What the exercise asks: When you write out the listing, keep each word exactly as it stands but include none of its images.

[Data shown — start]

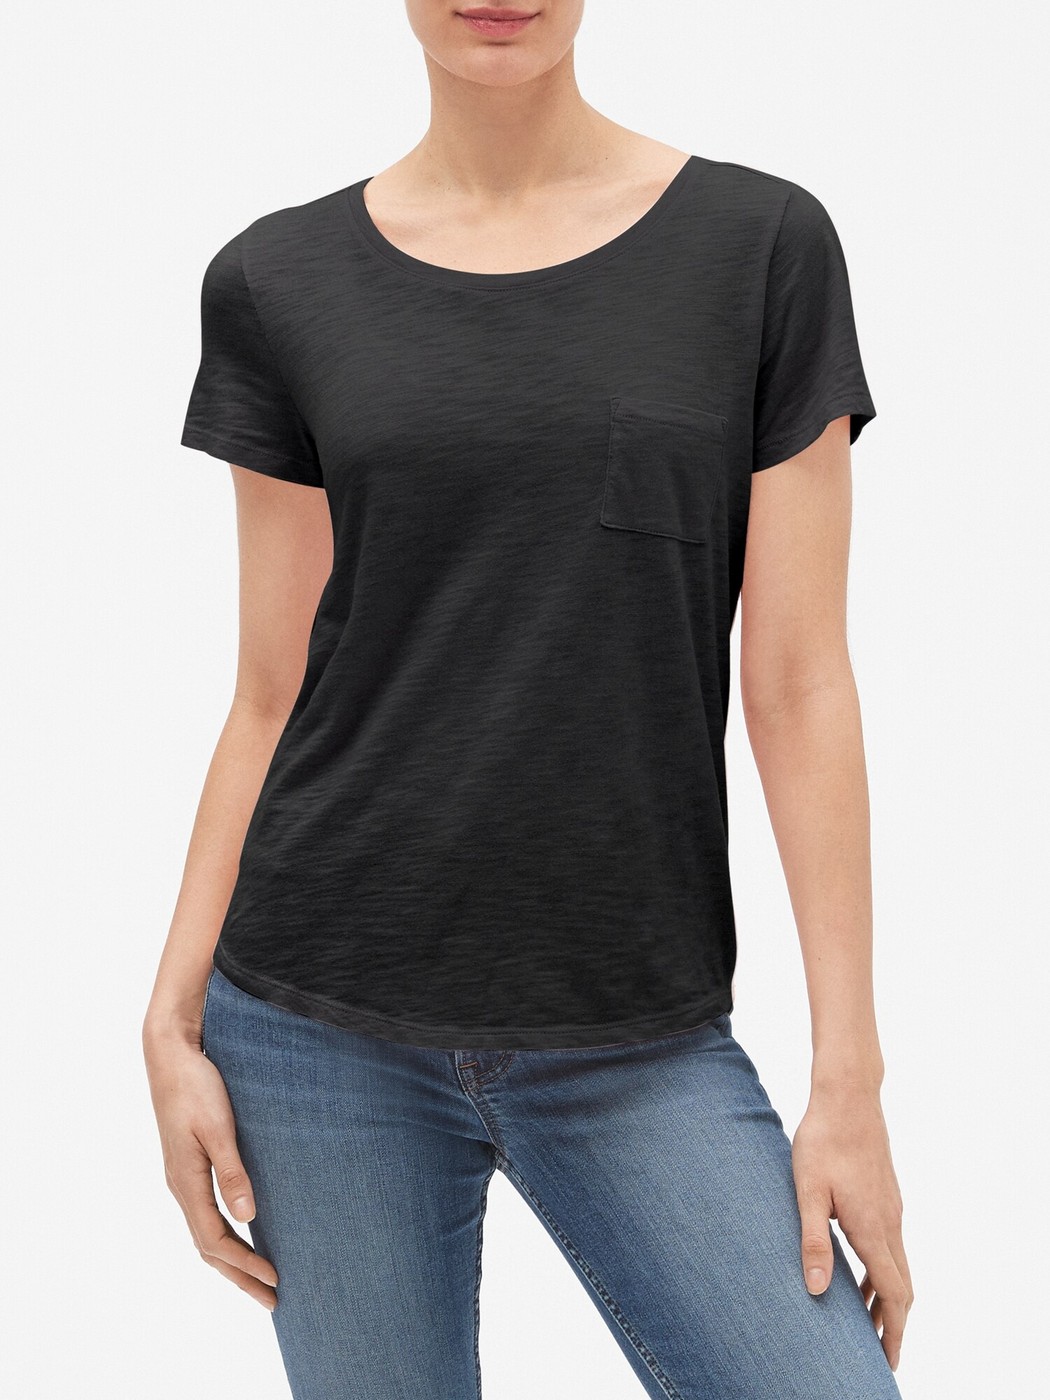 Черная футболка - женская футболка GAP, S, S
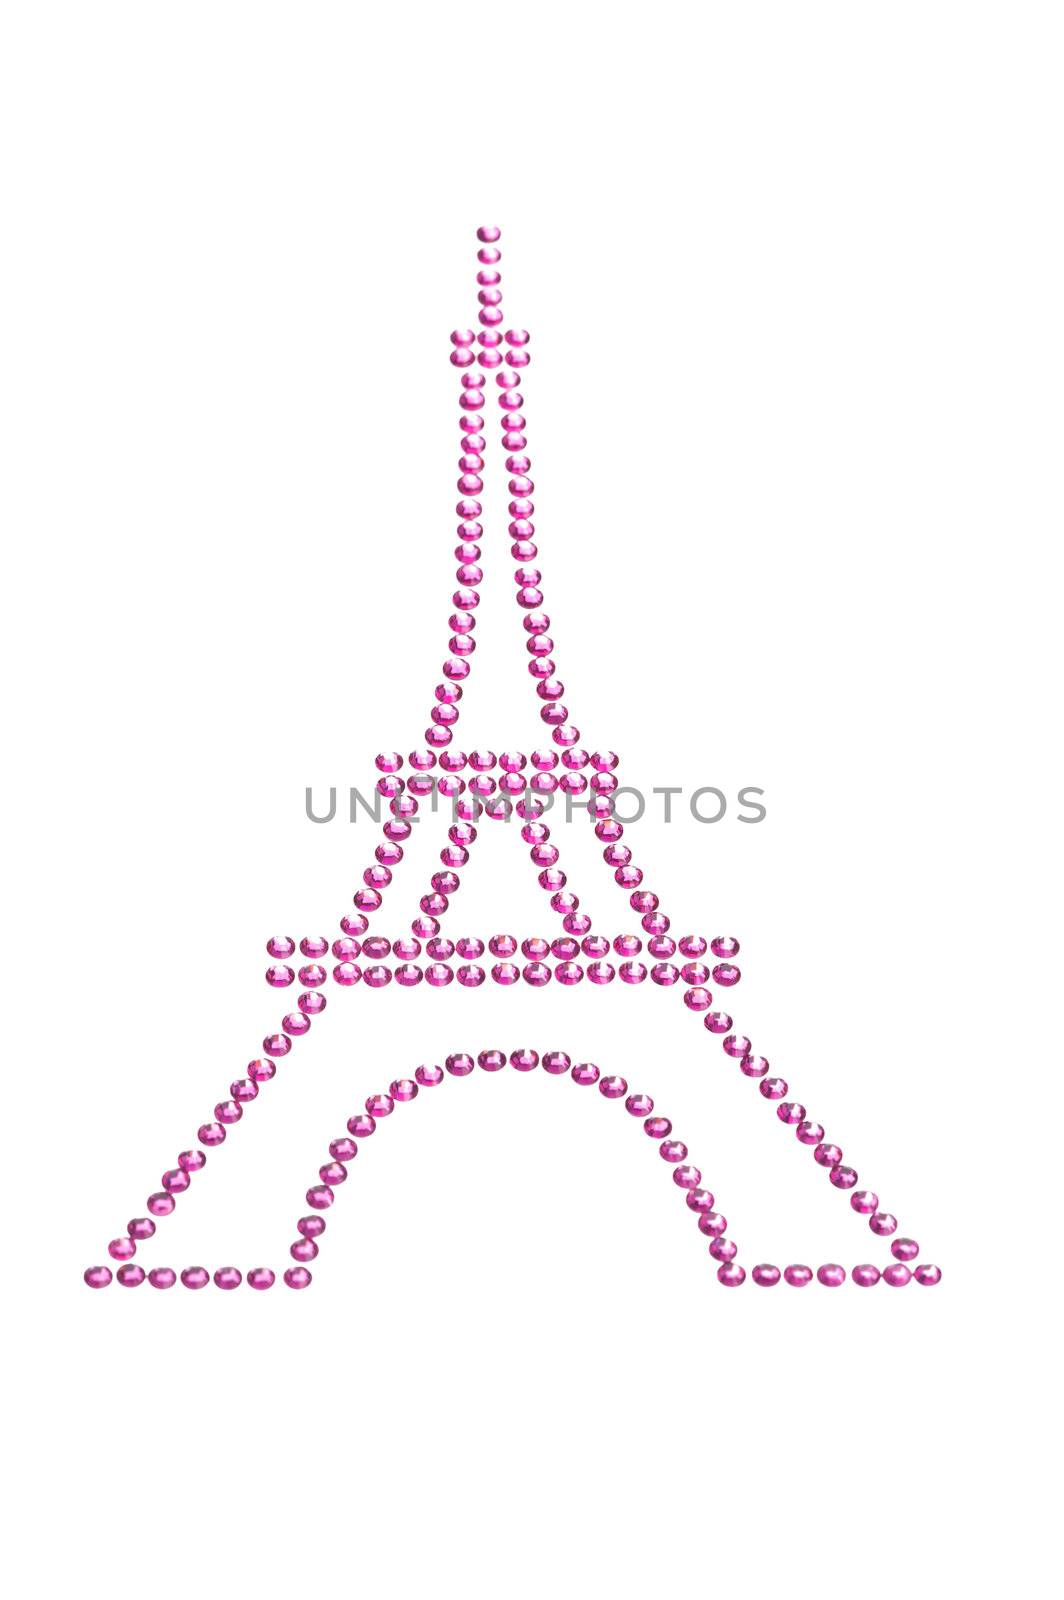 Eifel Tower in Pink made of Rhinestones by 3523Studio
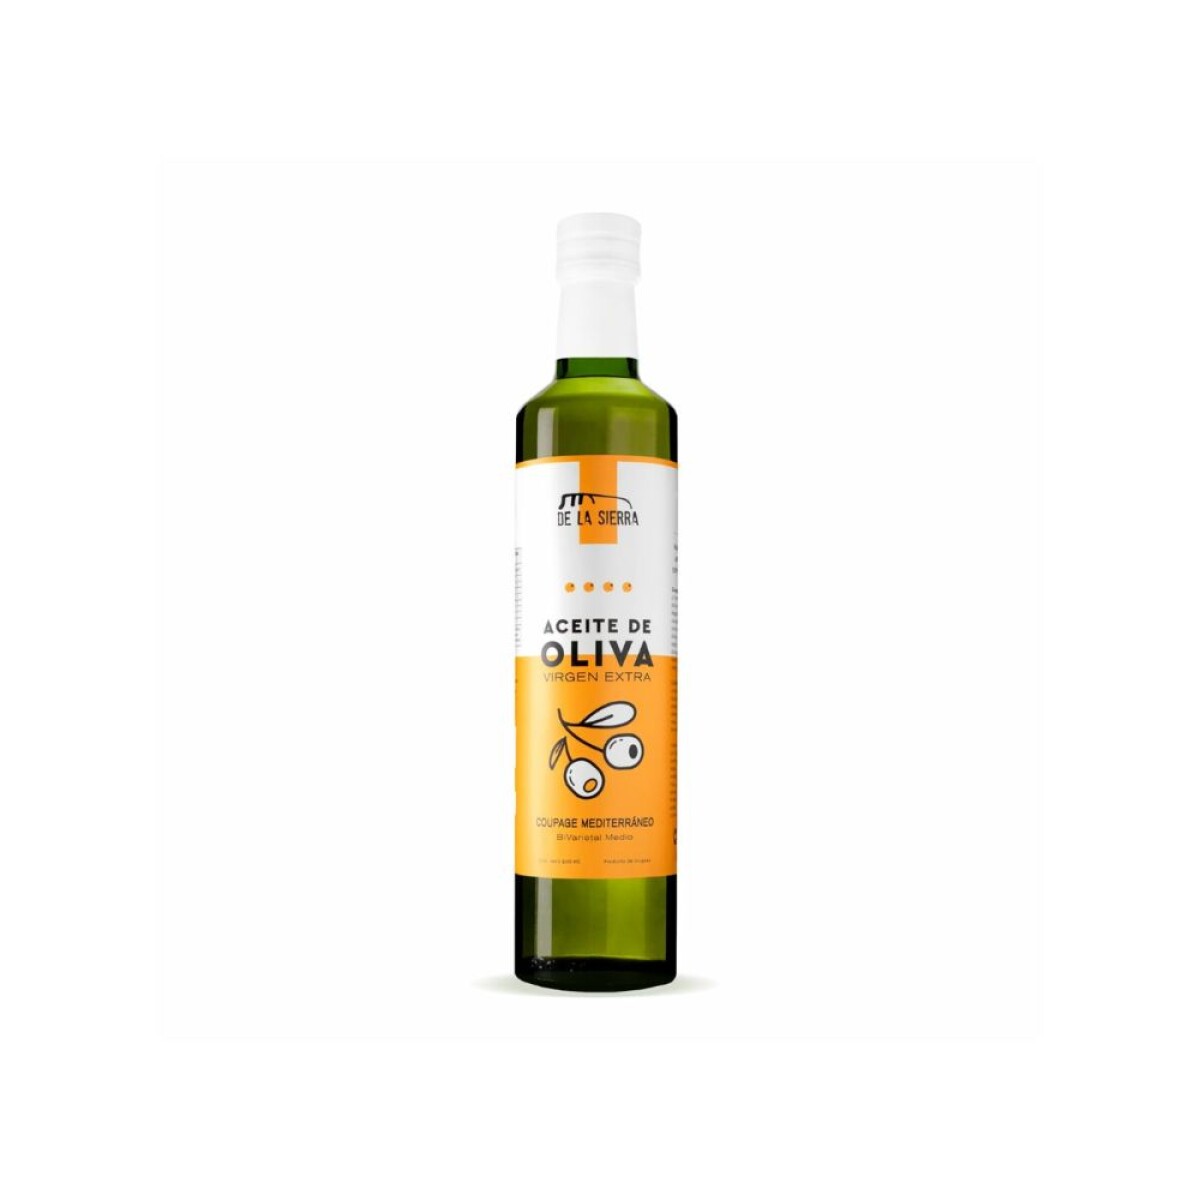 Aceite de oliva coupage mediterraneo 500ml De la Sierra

[Data shown — finish]

Reply:
 Черная футболка - женская футболка GAP, S, S
 Eifel Tower in Pink made of Rhinestones by 3523Studio
 Aceite de oliva coupage mediterraneo 500ml De la Sierra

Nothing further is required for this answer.